SEDES allows scholars to better locate and qualify intertextual relationships between different passages based on the sedes expectation of lemmata. While the utility of sedes expectancy to intertextuality is argued more extensively in [Sansom 2021], below is a synopsis of the significance of sedes expectancy to words that appear in the same or different sedes in two texts (Figure 10).
Matrix with expectancy of  of one word between the
						same or different texts.
Figure 10. 
Matrix of sedes intertextuality by expectancy.

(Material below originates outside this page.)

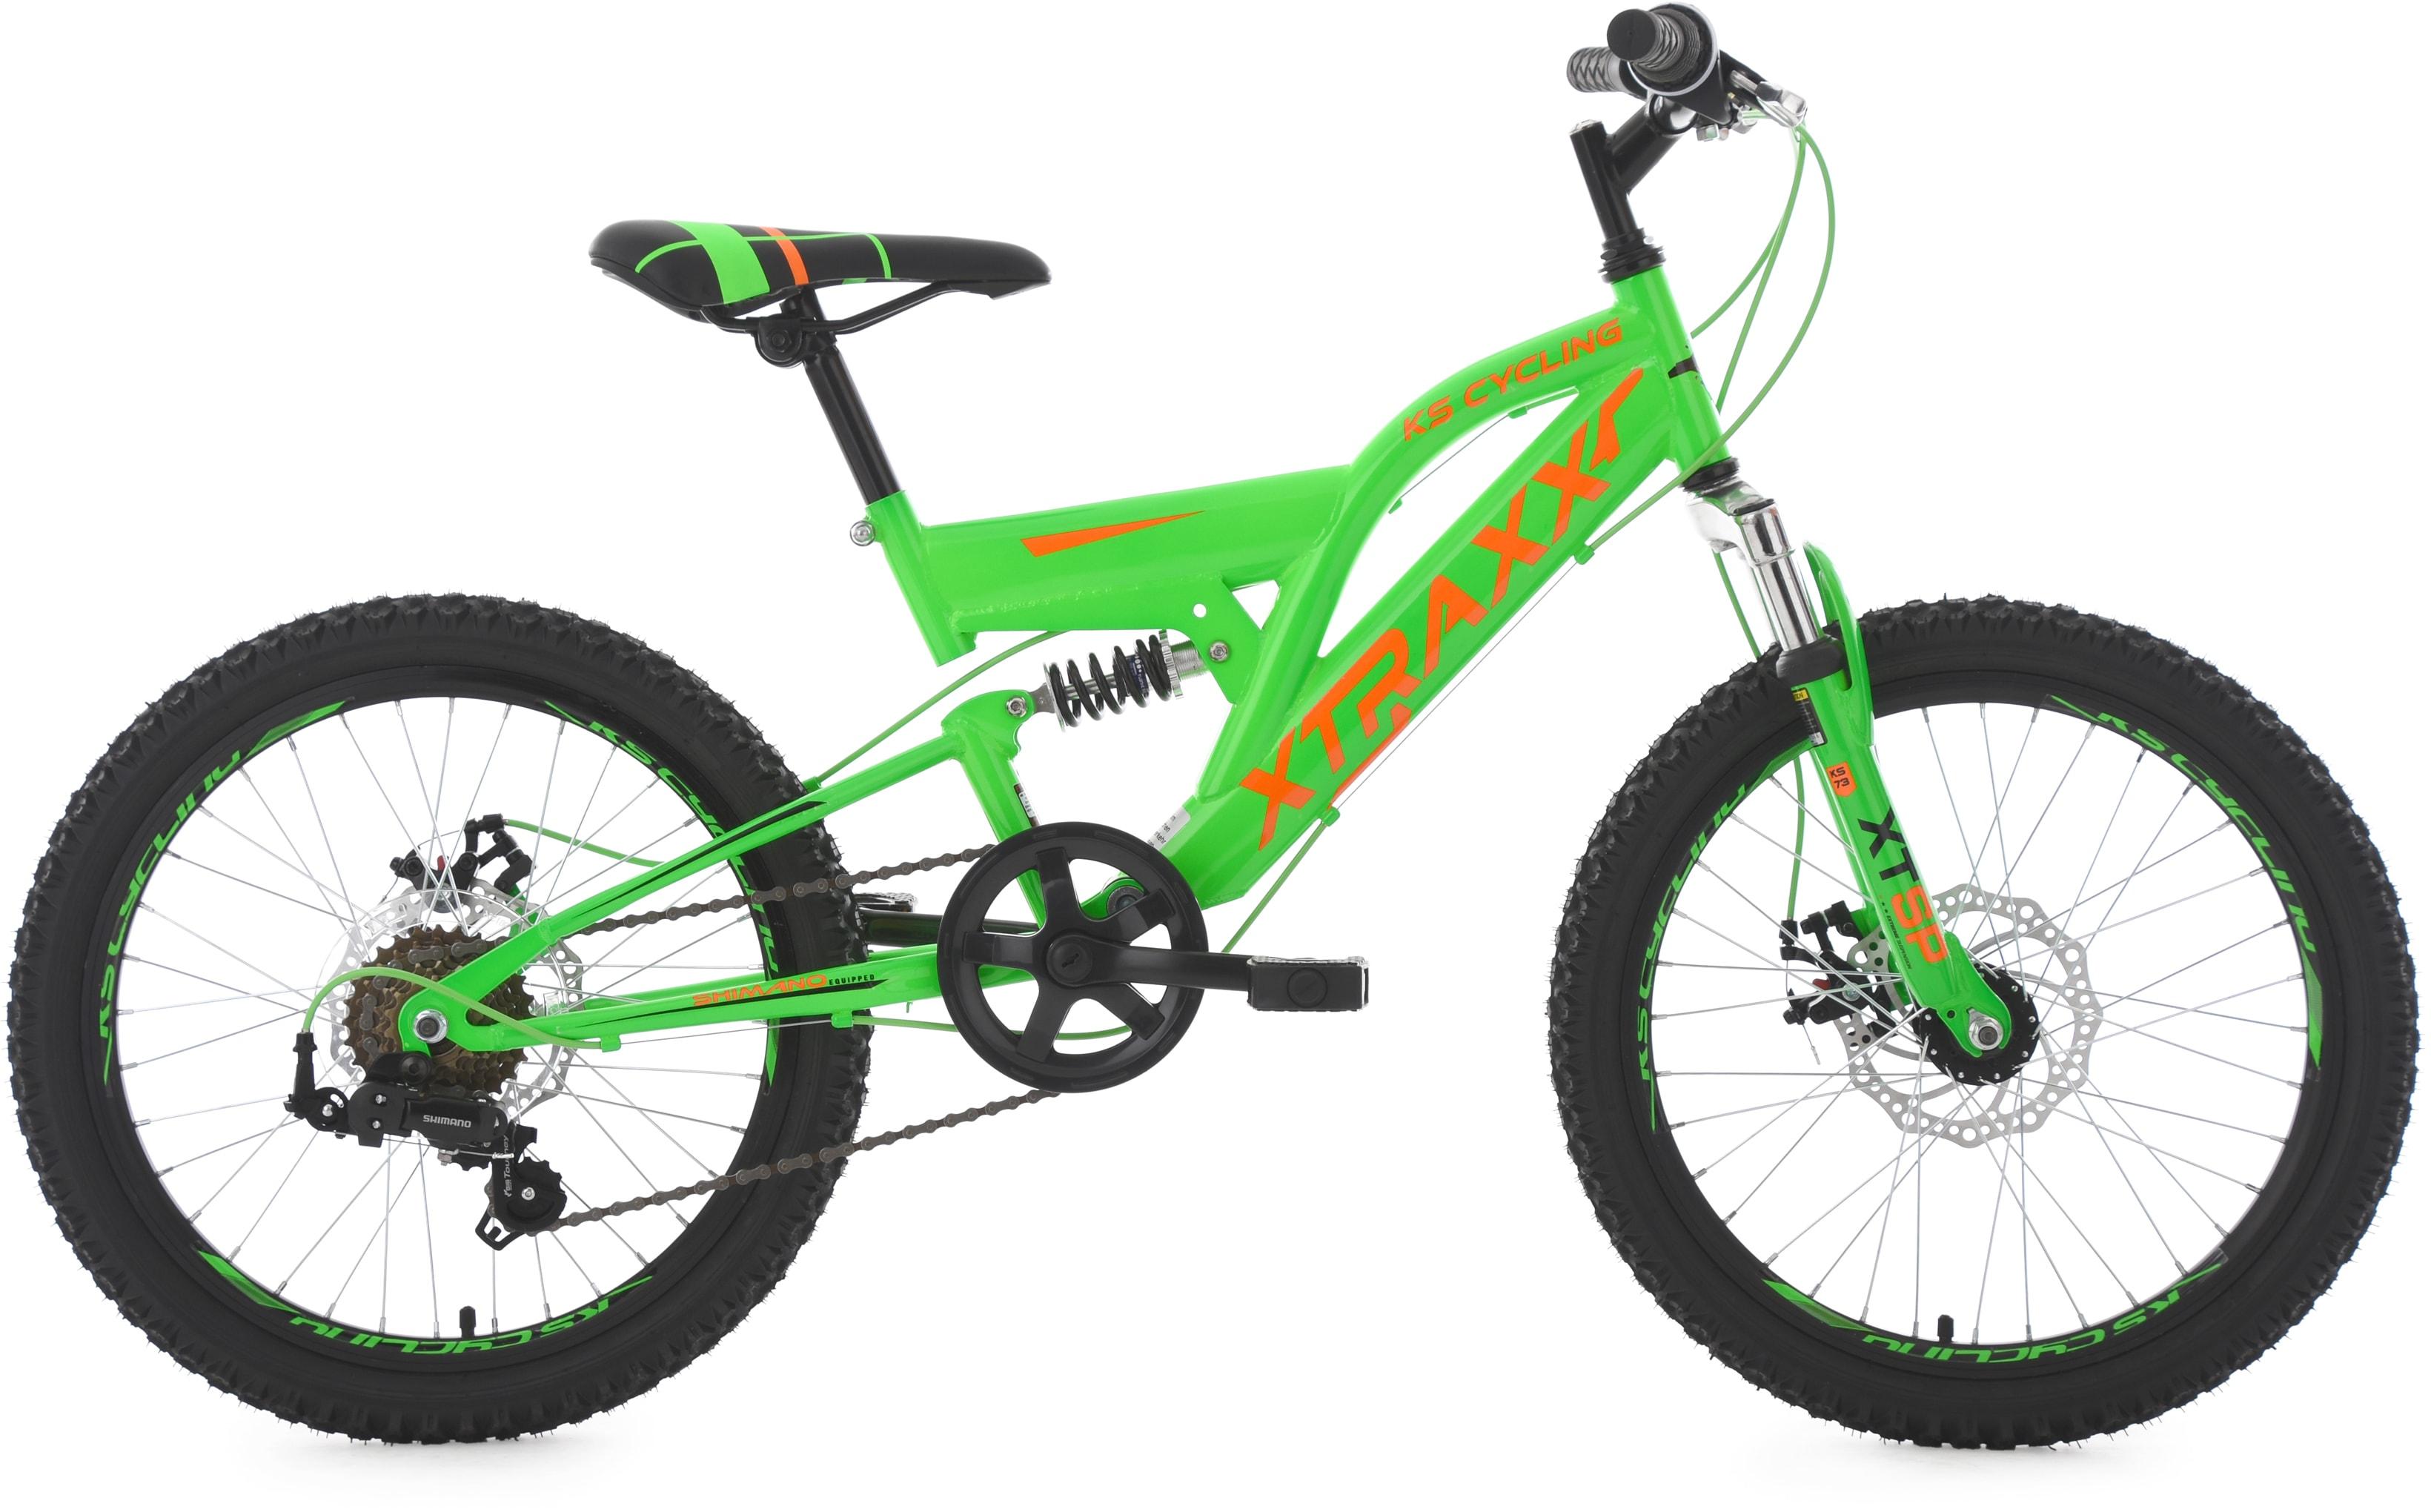 KS Cycling Jugendfahrrad XTRAXX, 7 Gang, Shimano, Tourney Schaltwerk, Kettenschaltung grün Kinder Kinderfahrräder Fahrräder Zubehör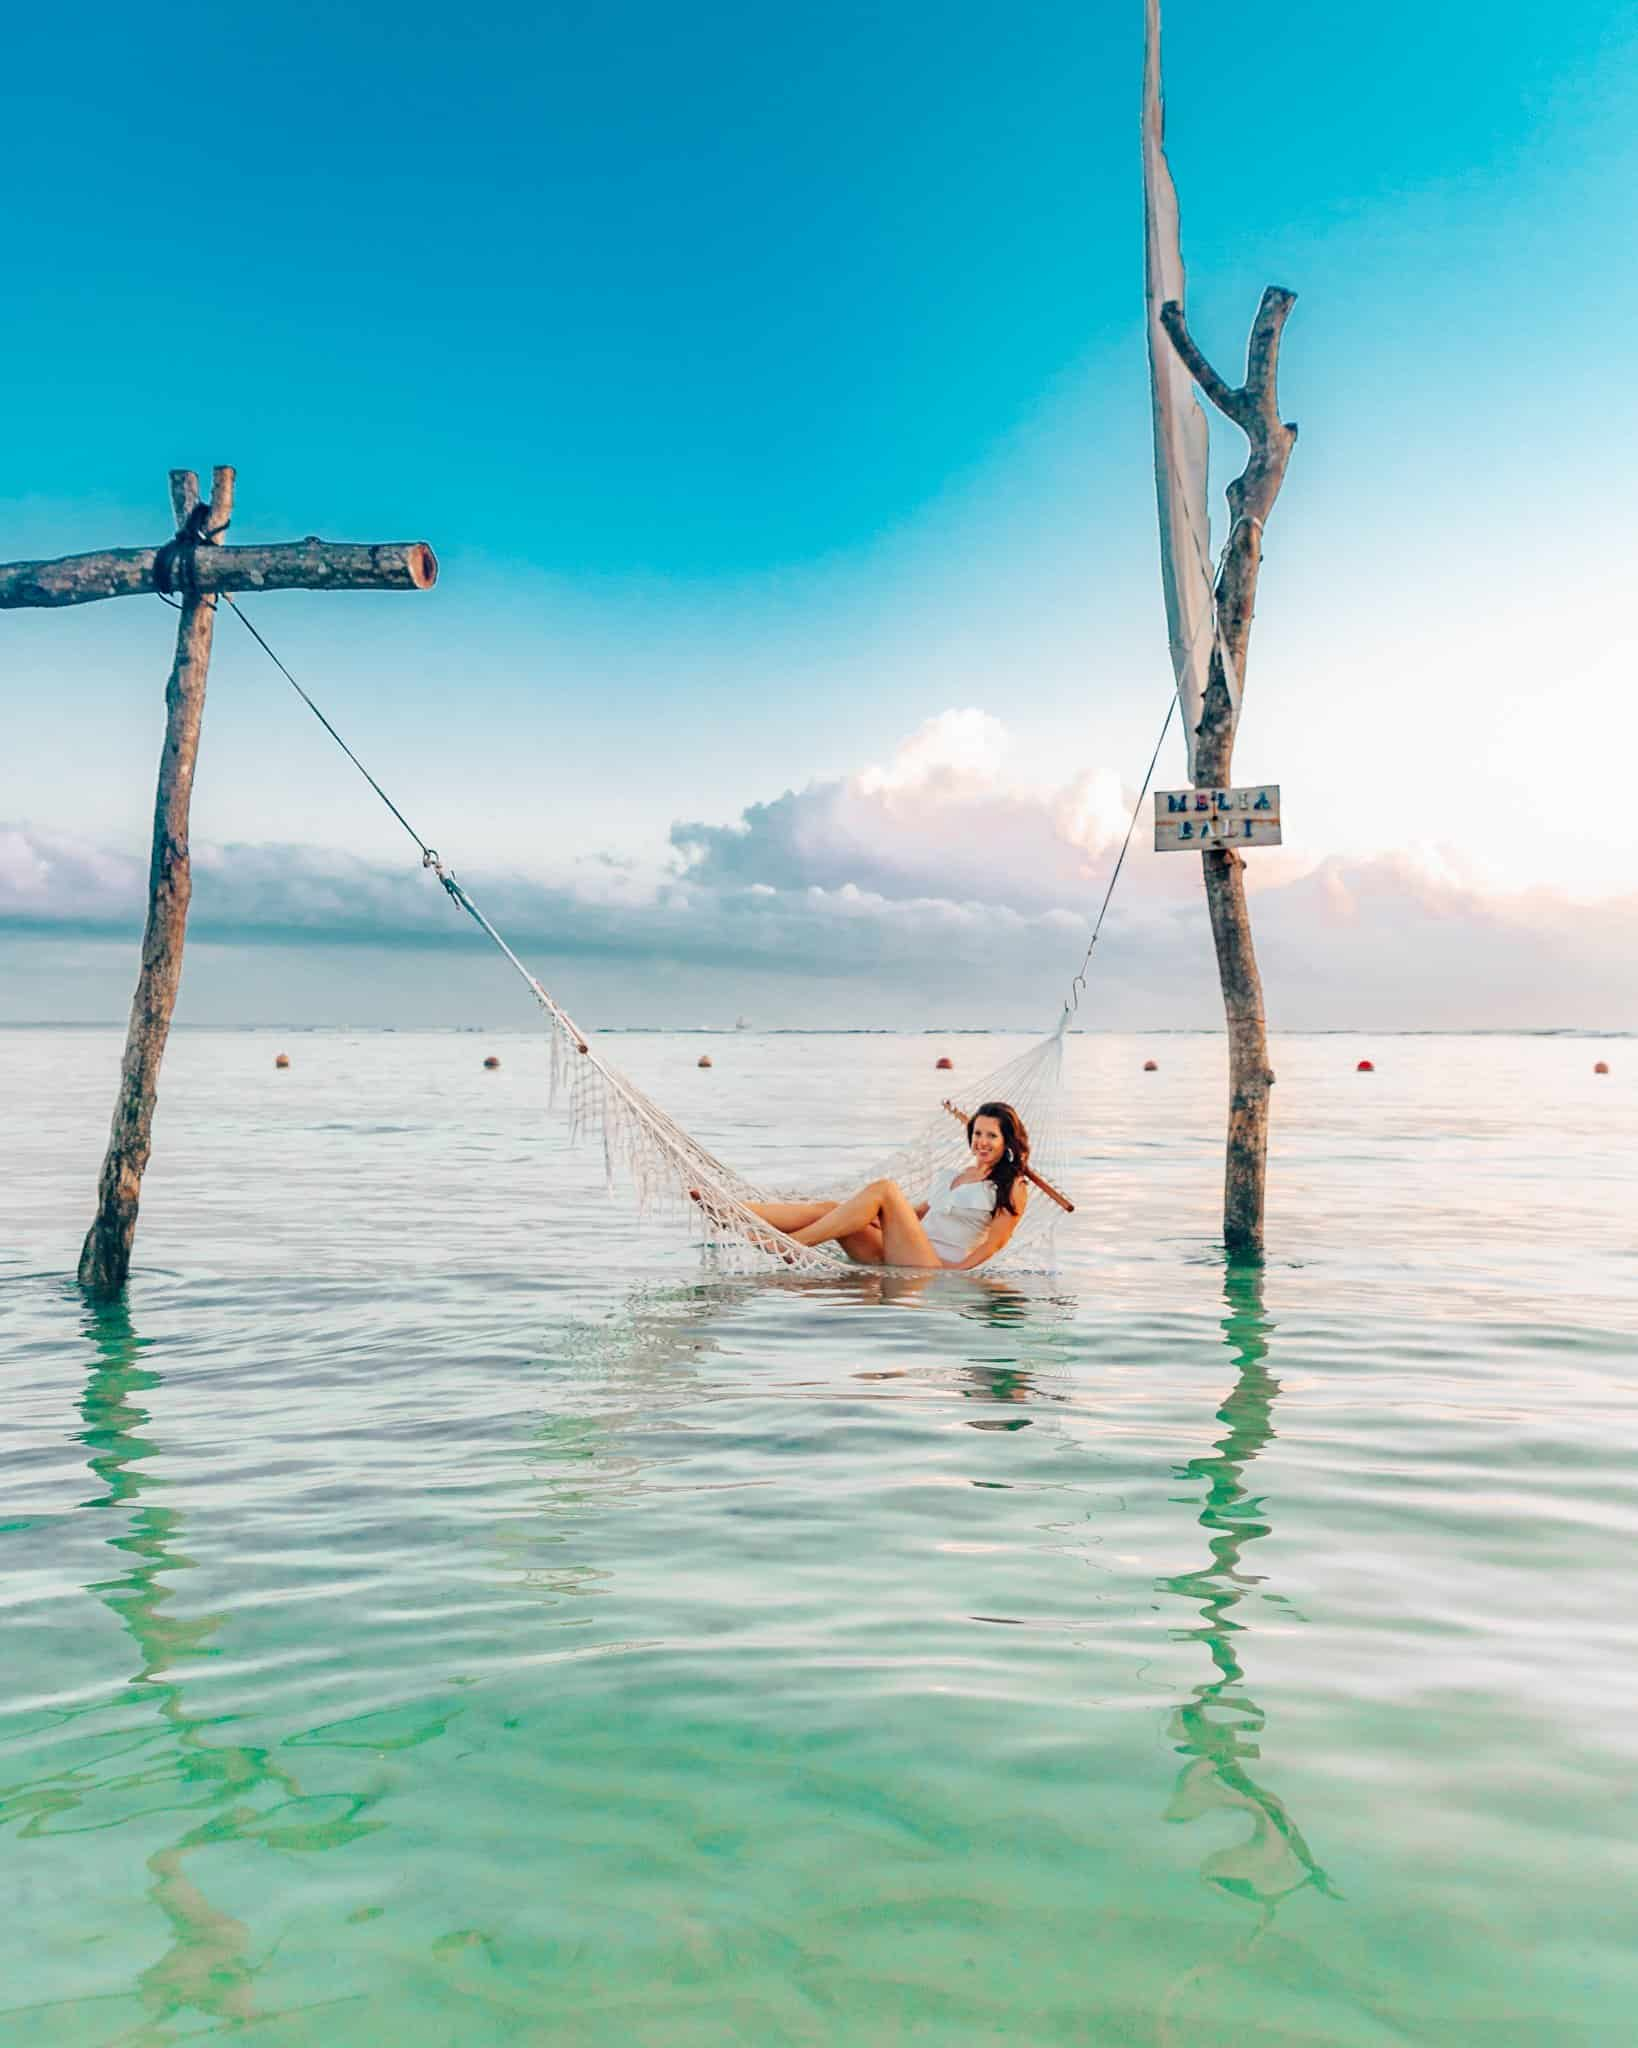 Nusa Dua Beach Water Hammock in Bali - The Next Trip

Passages that feature the same lemma in the same sedes have different interpretations given the expectancy of the lemma. If a word is expected in a particular position, such as πατρίδα in sedes 9 (z = +0.51 in the Archaic corpus, cf. above), its appearance there in two or more passages should not in and of itself suggest intentional reference or allusion. Rather, it is likely to be the result of typical compositional practice for hexameter poetry, what [Conte 1986] calls modello-codice (“generic model”). But if a word occurs in the same unexpected sedes in both passages, it is more likely to be a direct reference, what [Conte 1986] calls modello-esemplare (“individual model”). An example of this can be found in the highly unexpected placement of the lemma σελήνη (“moon”), which occurs only twice at sedes 6.5 (x = 2, Σx = 157, z = −8.80 in the whole corpus): in the Shield of Achilles passage in both Iliad 18.484 and Quintus of Smyrna’s Fall of Troy 5.8. SEDES provides readers of Greek hexameter the quantitative information necessary for better distinguishing between generic and individual types of intertextuality when regarding the shared metrical position of words.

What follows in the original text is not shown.